Thursday, October 19, 2006

The Garden

This photo is from a day or two after I sowed this plot behind our building with seeds sent from the states, and these are the guys that helped me.

Unpictured is a British fellow named Alex, who's away on vacation, but who has struggled mightily to get something growing back here. When he gets back we'll probably plant the back 40. Back during the summer the murderous mid-east sun and heat killed everything we planted. In Baghdad, everything must be watered EVERY morning - and we just weren't getting the help. With these guys looking after things, and the weather about 20 degrees cooler - there's hope.

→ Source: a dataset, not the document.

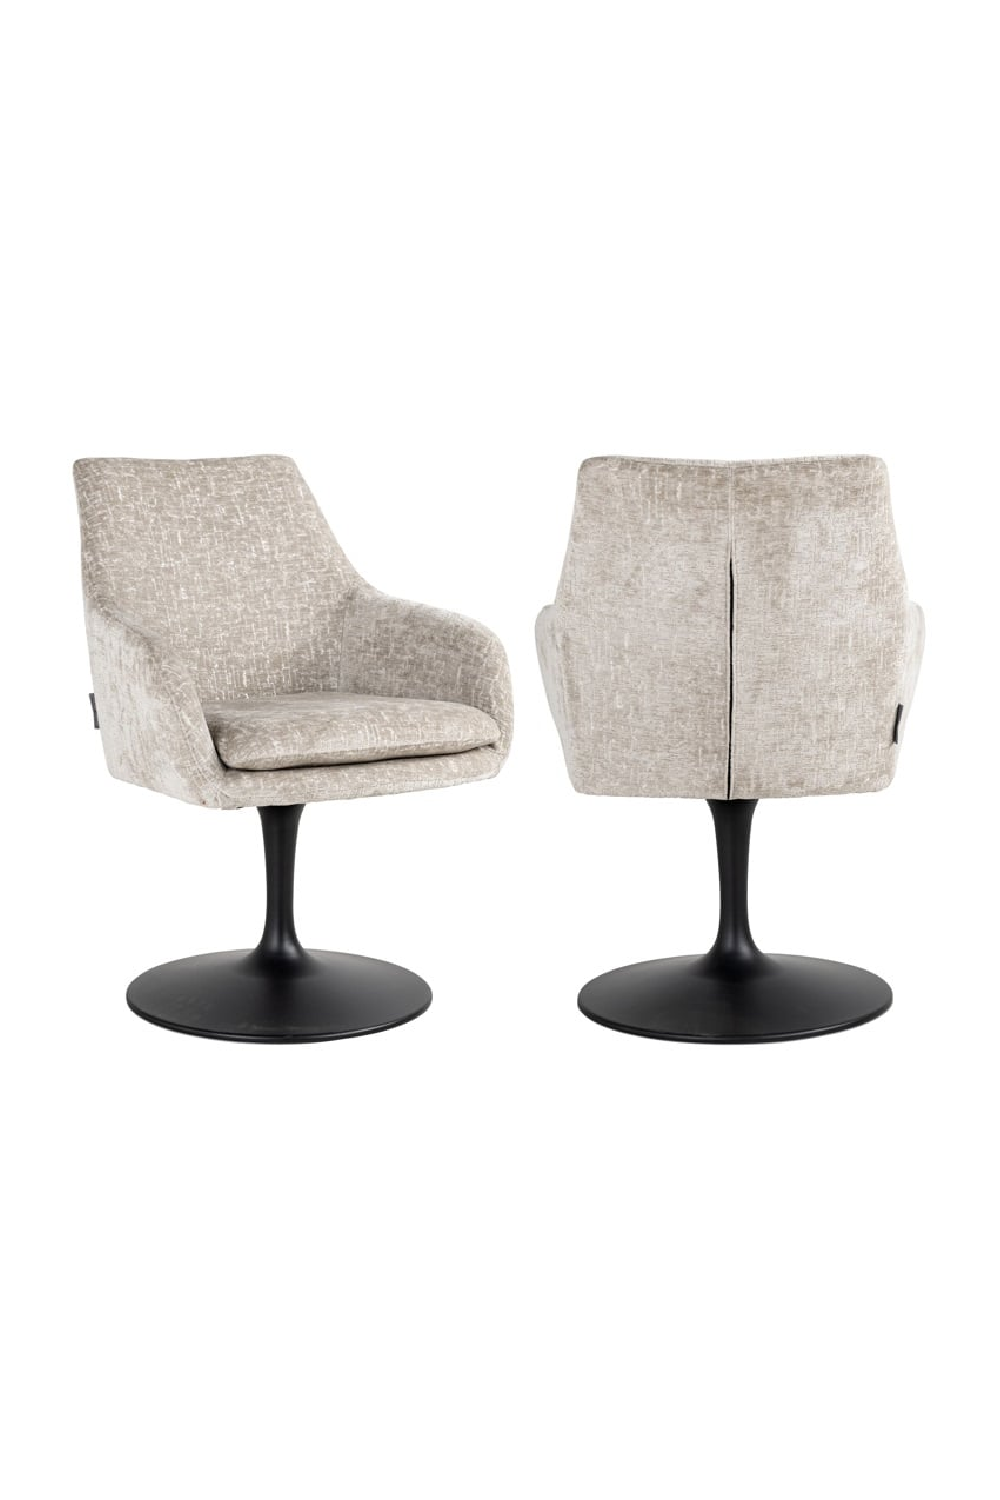 Pedestal Upholstered Swivel Chair | OROA Marlon | Oroa.com

From left: Abbas, me, Ali, and I think - Ali. Both Shiites. (Ali is a Shiite name, for the uninitiated) And from Sadr City, like most of the guys that work here. They're probably spies for Jeish Al Meidi, which is Moqtada Al Sadr's militia. We had some guys from our IT help-desk - (IT HELP DESK!!) test positive for explosive residue during a routine check a few months ago, and they were quietly dispensed with. In Arabia, the outsider soon learns that nothing is as it seems. Notice these guys aren't smiling in either photo . . .

Ah, there's that smile! (Once the American is removed!)

One of the problems we had growing stuff here, (one of the complications) is that these guys would dump their mop buckets right here into the soil. They had already succeeded in clogging the street-drain nearby via this method. I bring this up because its so emblematic of Iraqis and their approach to problems, (which is itself emblematic of yet larger problems). They're hired to clean this building, and some of them are only responsible for keeping the plants alive. The gardeners care nothing if a cleaner dumps his poisonous buckets on the plants, and the cleaners think nothing of dumping their trash somewhere else. (We've had instances where Baghdadis who weren't getting their trash picked up (usually because trash-collectors were getting shot) dumping their trash in other neighborhoods where the trash was still being collected, by some miracle. To drive around Baghdad is to marvel that any trash has ever been picked up.


Seeds sowed, ready to grow. (In rich, history-laden, fertile, POISONED Mesopotamian soil). Still, these are AMERICAN seeds - and I have faith that they'll find a way.

SUBTEXT - if you want democracy to work in Iraq - you're going to have to move in Mormons . . . by the boatload.